A questo volume sulla cultura cinese che dovrebbe leggere chiunque intenda occuparsi di Cina, si affianca un interessante studio di Christopher Bollas (La mente orientale. Psicoanalisi e Cina, ed. orig. 2012, trad. dall'inglese di Maria Paola Nazzaro, pp. 199, € 14, Raffaello Cortina, Milano 2013), non dedicato unicamente alla Cina ma alla “mente orientale” in generale, della quale, come lo stesso Bollas riconosce, la mente cinese è magna pars. Il sottotitolo è infatti Psicoanalisi e Cina e Bollas, noto scrittore e psicoanalista, tenta di creare dei collegamenti tra alcuni aspetti della pratica psicoanalitica e la mente orientale. Riconosce che la Cina di oggi è al centro dei pensieri della comunità globalizzata ma sottolinea come i cinesi, anche di fronte ai fulminei sviluppi della loro crescita economica, non possano fare a meno di portare con loro, quantomeno nell'inconscio collettivo, quei testi e quegli assiomi etici che hanno costituito la base della loro civiltà.
Come Lavagnino e Pozzi nel loro libro mettono in stretta correlazione scrittura e civiltà, anche Bollas si sofferma a lungo sulle particolarità uniche del cinese scritto, sostenendo che ogni segno ha acquisito molte altre associazioni rispetto alle originarie e si è aperto a molteplici significati. Ma come psicoanalista va oltre e scrive: “Tenendo presente che ogni carattere è ideografico e carico di emotività, il semplice atto di imparare a scrivere è simile a una identificazione psichica, di solito inconscia, con l'intera storia di quel frammento di vita emotiva di una nazione”.

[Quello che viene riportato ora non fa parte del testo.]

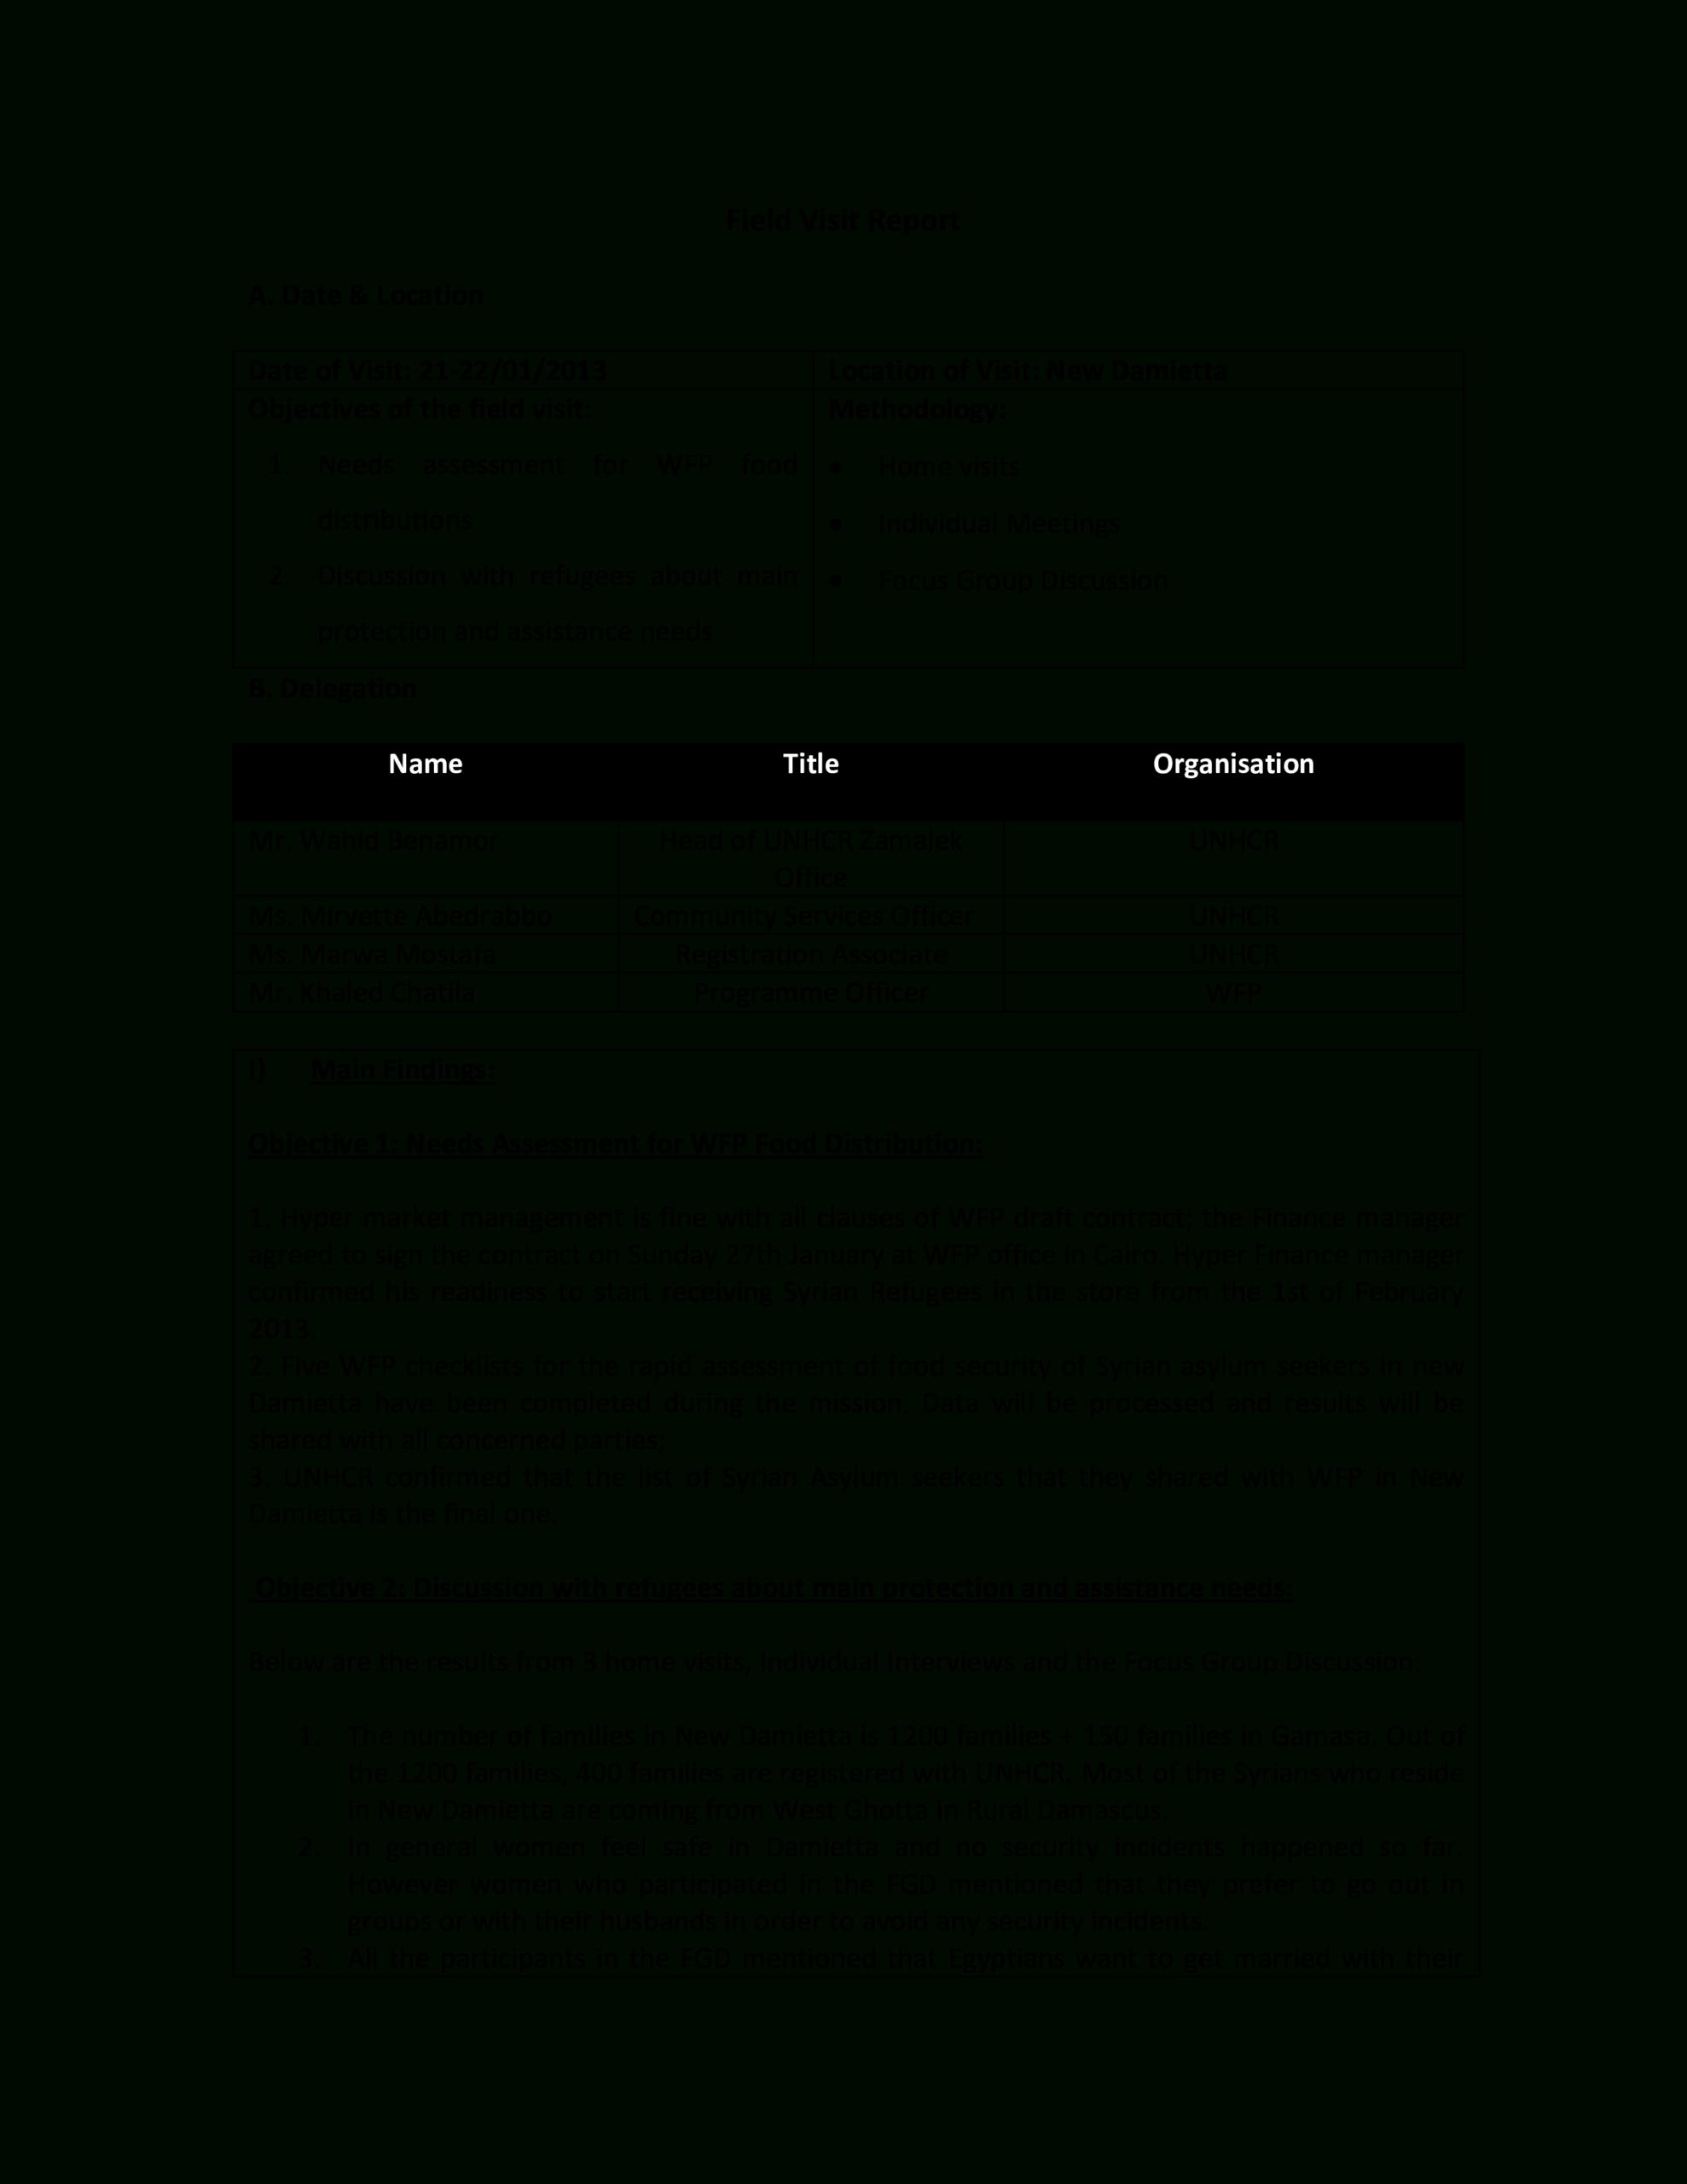 Télécharger Gratuit Field Visit Report Within Focus Group Discussion Report Template
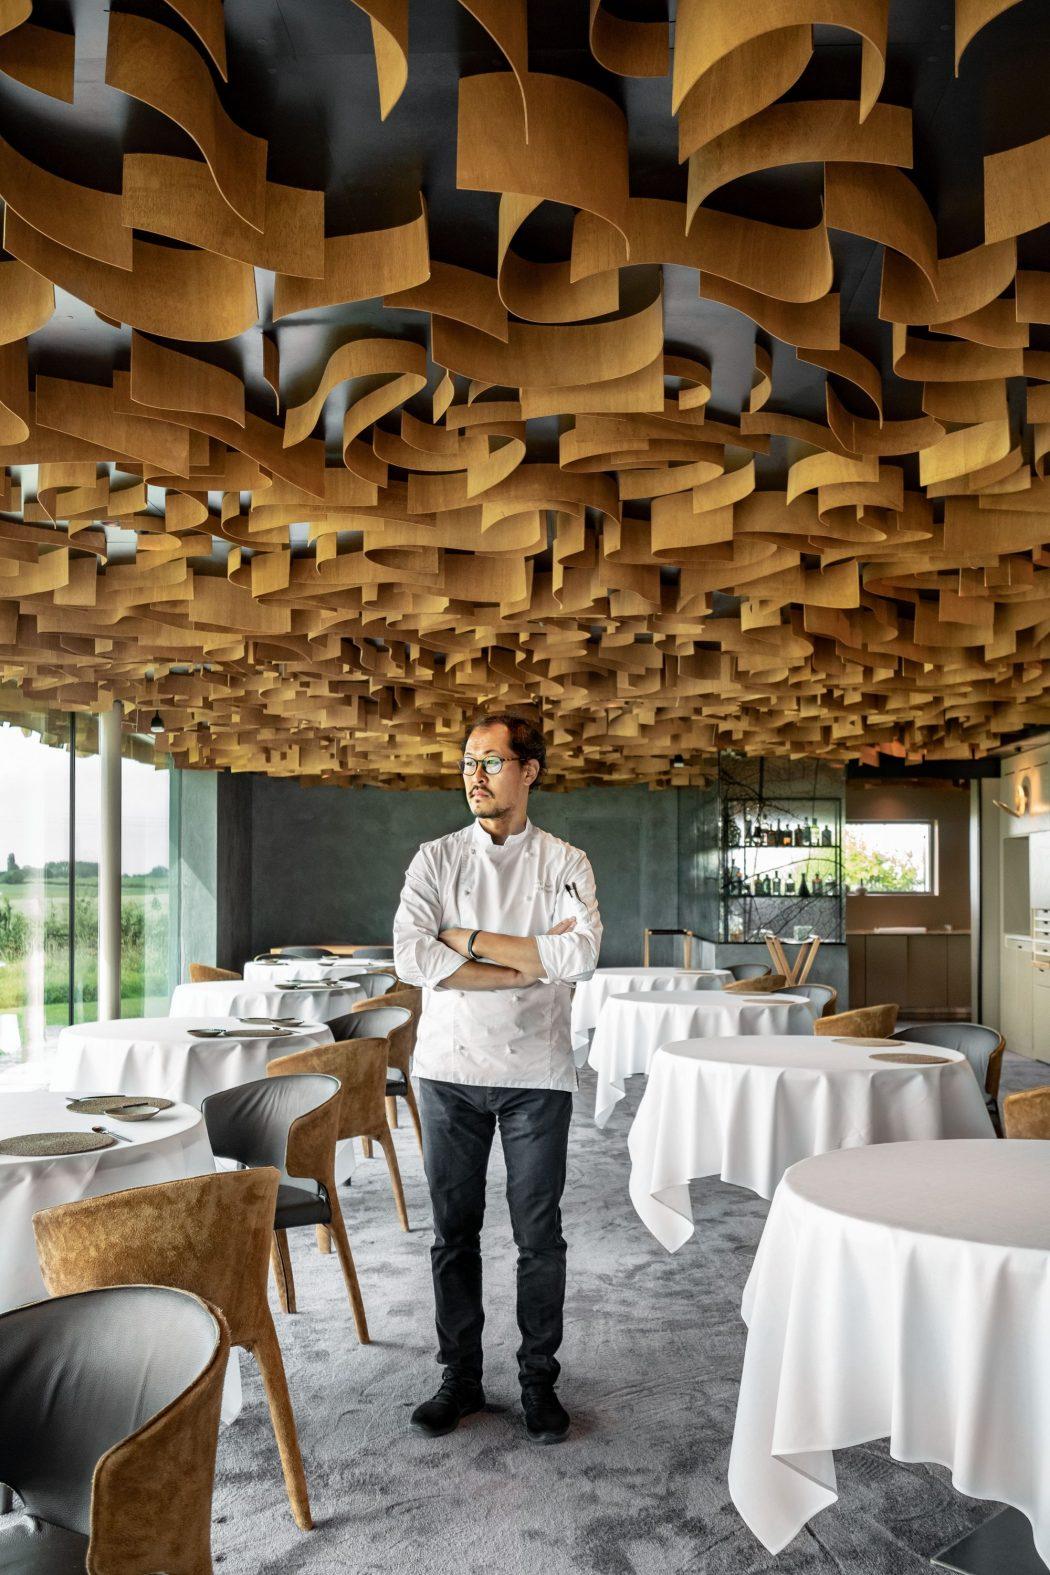 Sang Hoon Degiembre Air du temps restaurant

Gli argomenti trattati in questo testo, che sicuramente segna una svolta nel modo di avvicinarsi alla mente orientale, inducono a riflessioni sulle differenze evidenti tra oriente e occidente, soprattutto per quanto riguarda il sé individuale che in Cina si è sviluppato con un forte senso della forma della vita umana (l'importanza dei riti), mentre nel mondo occidentale manca un tale senso della presentazione formale del sé. Ne deriva che attraverso il linguaggio la mente orientale non riesce a rappresentare la vita interiore, il discorso non riesce a deviare da norme accettate per secoli, mentre invece, per la psicoanalisi occidentale, è l'enfasi sul discorso libero che rivela i pensieri rimossi e dà importanza al significato del sé.
Sembrerebbero due tipi di comportamento inconciliabili ma, dal momento che oggi oriente e occidente tentano sempre più di incontrarsi, la psicoanalisi potrebbe essere uno dei possibili ponti. Questa almeno è la speranza espressa da Bollas, il quale ritiene che la lingua cinese classica possa aggiungere una dimensione nuova alla libera associazione freudiana in quanto, scrive, “la catena di immagini svelate dal cinese equivale a un processo libero associativo più esistenziale, composto da esperienze toccanti (...) essa mette in giustapposizione le immagini con tale forza intelligente da formare un nuovo oggetto emotivo”. La speranza è dunque quella di un processo libero associativo “sino-freudiano”, in un futuro che si spera prossimo dove tante altre categorie orientali e occidentali andranno ripensate. Così si spera.